Specifications and reliability. Industrial vs. commercial spec parts, wire wound resistors, temperature compensation devices, 5ppm oscillators, lots of reasons.
Some of the old tektronix wiring really is a thing of beauty. The tektronix 360 modules are so lovely.
A few years back I managed to buy a cheap digital voltmeter that was actually wrong. As in: consistently off by 20% or more when measuring voltages in the range of volts. (!)
Ever since I've been trying to figure out how much to spend to get a voltmeter that is guaranteed not to suck. I figure it probably still needn't be very much, but I still haven't chosen one, because I've managed to spook myself.
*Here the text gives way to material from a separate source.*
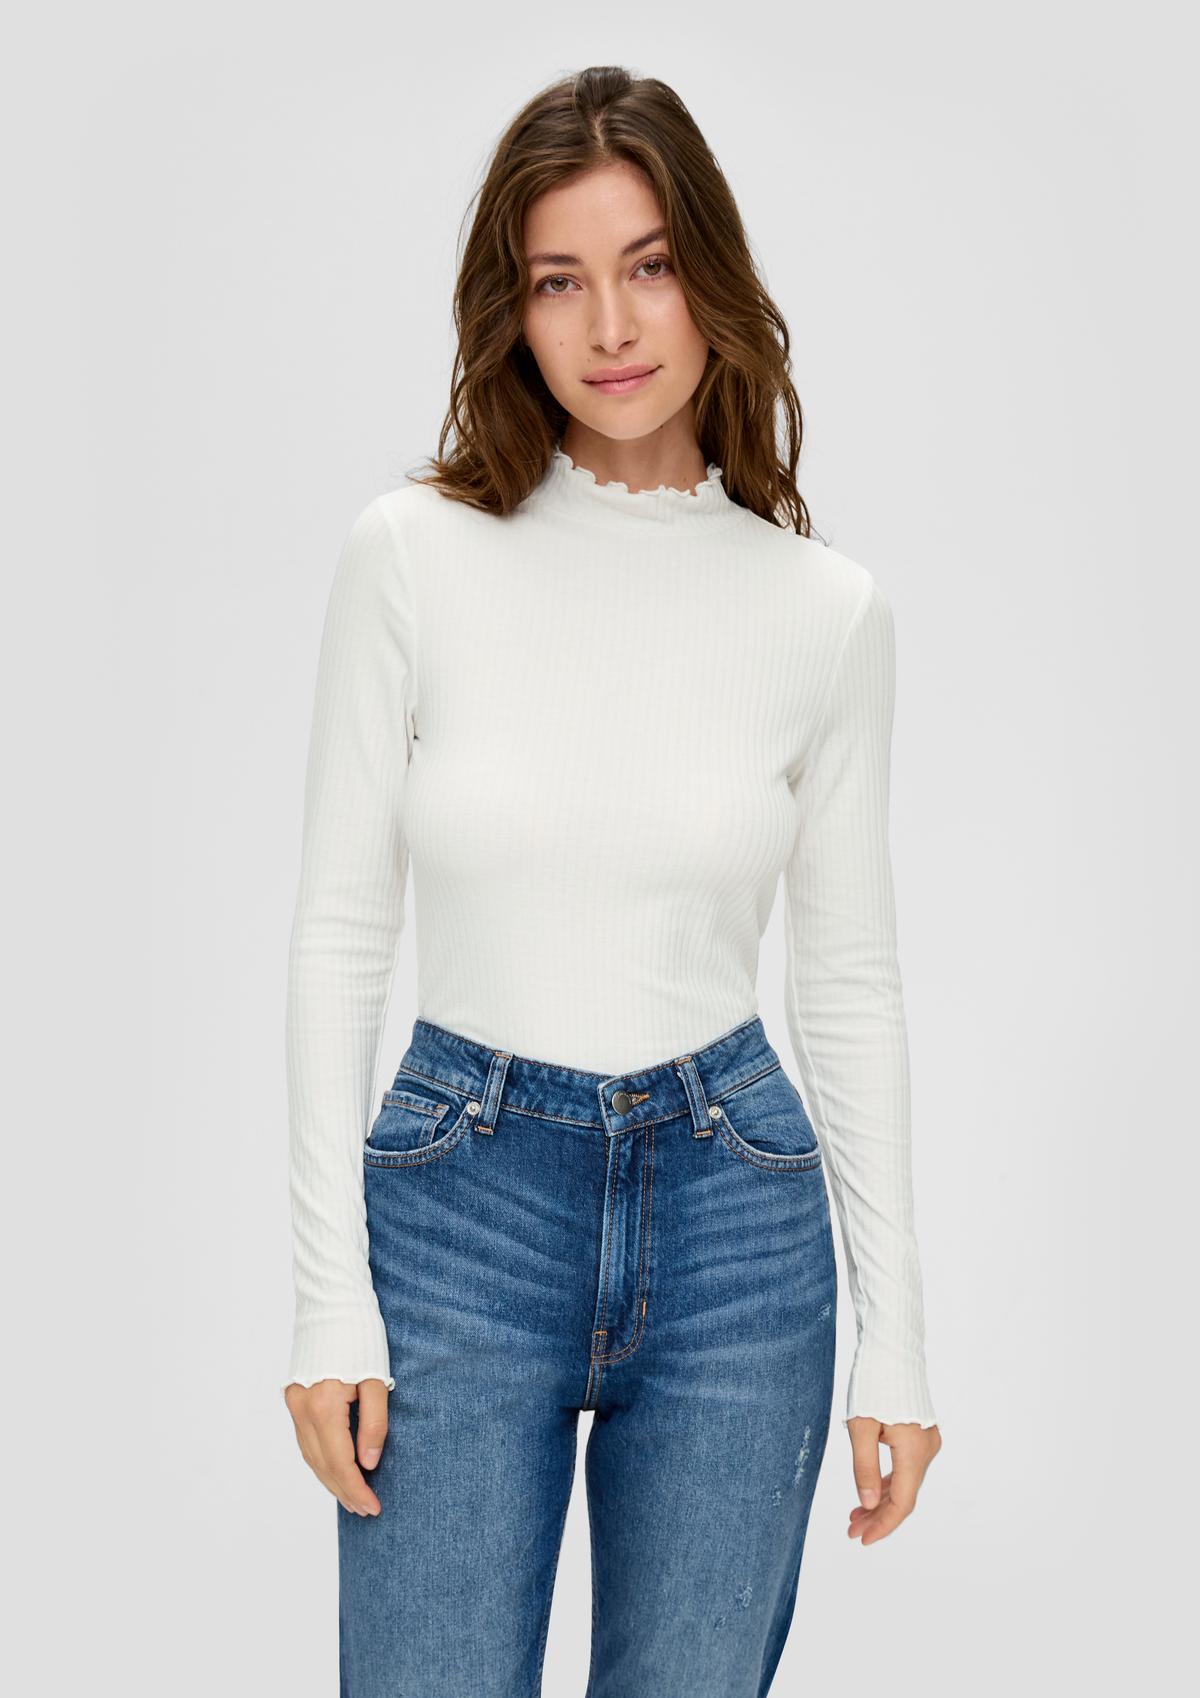 Long sleeve top with a rolled hem

I tell you, on the day after you catch your test equipment giving you egregiously bogus misreadings it is hard to resist the impulse to spend the money on a Fluke or Textronix.
I bought a $50 microcontroller based DMM (much better than "dumb" dmms) from circuit specialists forever ago here:
http://circuitspecialists.com/prod.itml/icOid/9455
It works really good. Comparable to fluke handhelds but not in the same league as the fluke 4/5 digit bench DMMs.
Keithley stuff is great too, more science based though. I've used everything from their picoammeters to their general purpose DMMs.
Apart from the accuracy, build quality, etc. one of the reasons I bought my Fluke DMM is that I was working with some high power circuits (like 600VDC at 60+ amps) and I trust the Fluke more than a random cheap meter not to blow up. There's a reason the fuses for a good multimeter cost more than the average discount instrument.
Some of the old tektronix wiring really is a thing of beauty. The tektronix 360 modules are so lovely.